Es dauerte ein paar Minuten, bis David im Bademantel die Tür aufmachte. Sie stand vor ihm mit ihrem deutschen Weihnachtsstollen und fühlte sich schrecklich spießig. Aber David gab ihr sofort das Gefühl, willkommen zu sein. Er zeigte ihr das Wohnzimmer, schenkte ihr einen Punsch ein und rannte dann nach oben, um sich anzuziehen.
Wera hatte gehofft, dass das Innere des Hauses etwas farbenfroher sein würde, aber auch hier herrschte eine dunkle Strenge vor.

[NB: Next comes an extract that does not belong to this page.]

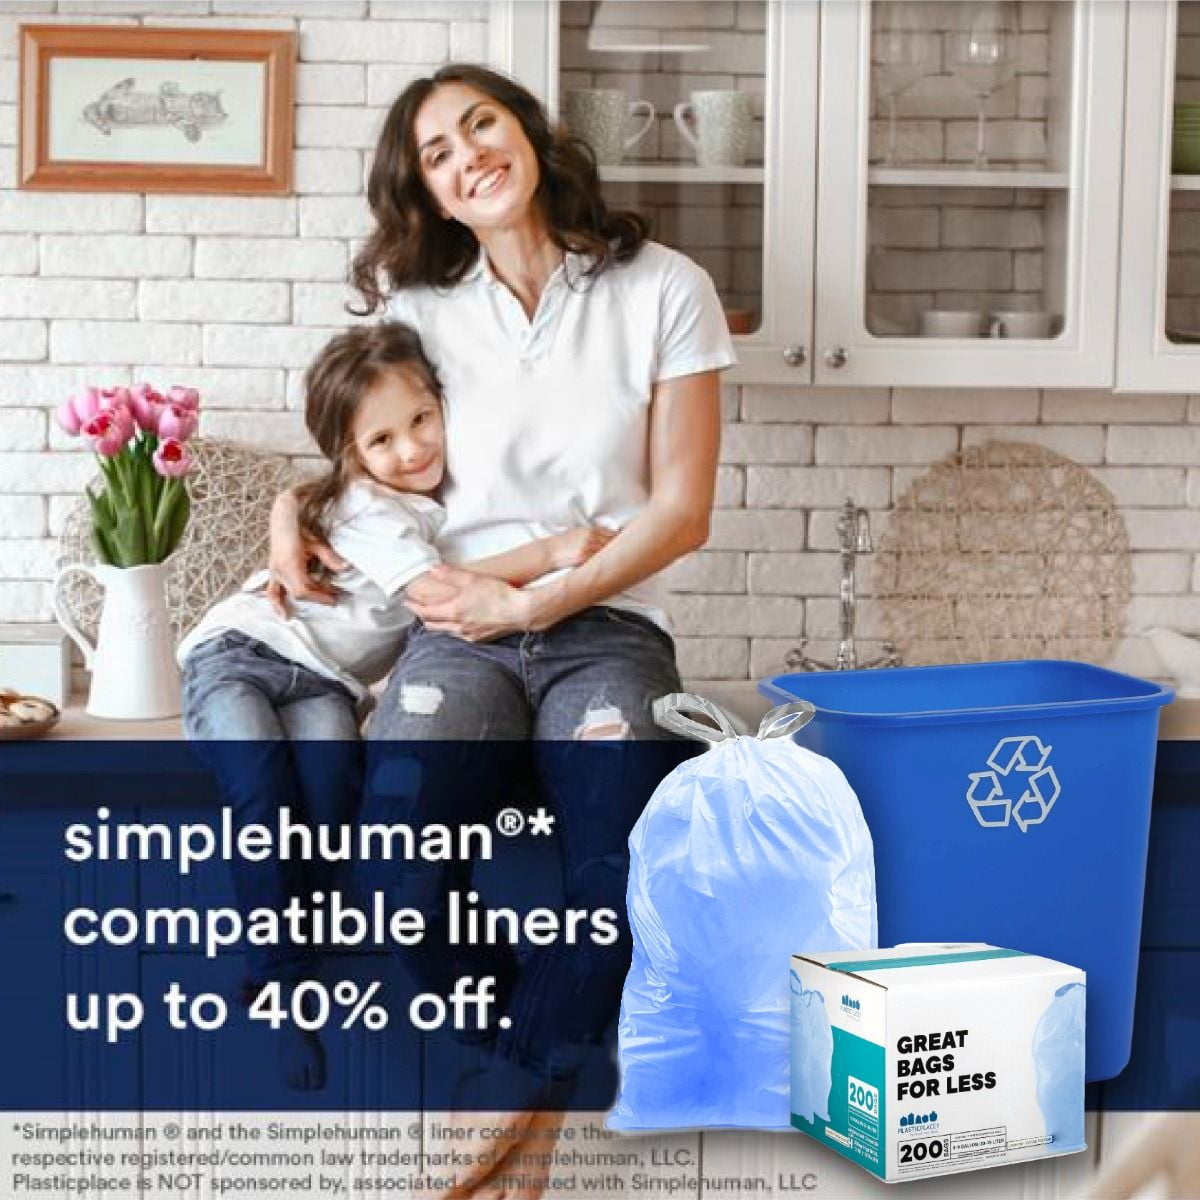 Compatible With Simplehuman Code H - 2 Refill Rolls (100 Count), Durable  Custom Fit Plastic Trash Bags w/Drawstring - 30-35 Liter/ 8-9 Gallon Trash

Ihr Vater hatte ihr beigebracht, in jedem Haus, das sie betraten, die Möbel zu taxieren. Manchmal empfand sie diese Taxierung als einen Fluch, besonders in Häusern wie diesem. Andere Leute ihres Alters kannten nur IKEA-Kataloge und hatten ein rein funktionales Interesse an Möbeln. Aber sie musste stattdessen bei allen Einrichtungsgegenständen nach Hinweisen suchen. Nichts, so hatte ihr Vater ihr immer wieder erklärt, sagte mehr über Menschen aus als ihre Möbel. Sie erzählten eine Geschichte. Wera wusste nicht, was sie von Davids Zuhause erwartet hatte, aber seine Möbel boten eine enttäuschende Geschichte.
Er war so viel interessanter als die anderen Studenten, und vielleicht hatte sie gehofft, das auch an seinem Zuhause zu erkennen. Sie hatte eine verrückte Skulptur erwartet oder einen selbst gezimmerten Tisch, irgendetwas Besonderes. Stattdessen war das Haus eine Mischung aus lieblos zusammengestellten braunen Kaufhaussofas und Tischen, wie man sie wahrscheinlich in Tausenden von englischen Wohnzimmern fand.
Sie konnte es nicht anders beschreiben als das Wohnzimmer eines Langweilers. Es war nicht einmal chaotisch, das hätte wenigstens noch einen gewissen Charme gehabt. Stattdessen wirkte es septisch und durch und durch belanglos. Sie erinnerte sich daran, dass Davids Vater an Computerprogrammen arbeitete und wahrscheinlich kein Interesse an ästhetischen Dingen hatte. Vielleicht hatte er sein Haus nach dem Vorbild einer amerikanischen Hotellobby eingerichtet.
Wera trat auf den Korridor hinaus und schaute sich nach anderen Zimmern um. Gegenüber dem Wohnzimmer befand sich ein Esszimmer, in dem ganze Batterien von Getränken und Chipsschalen aufgestellt waren.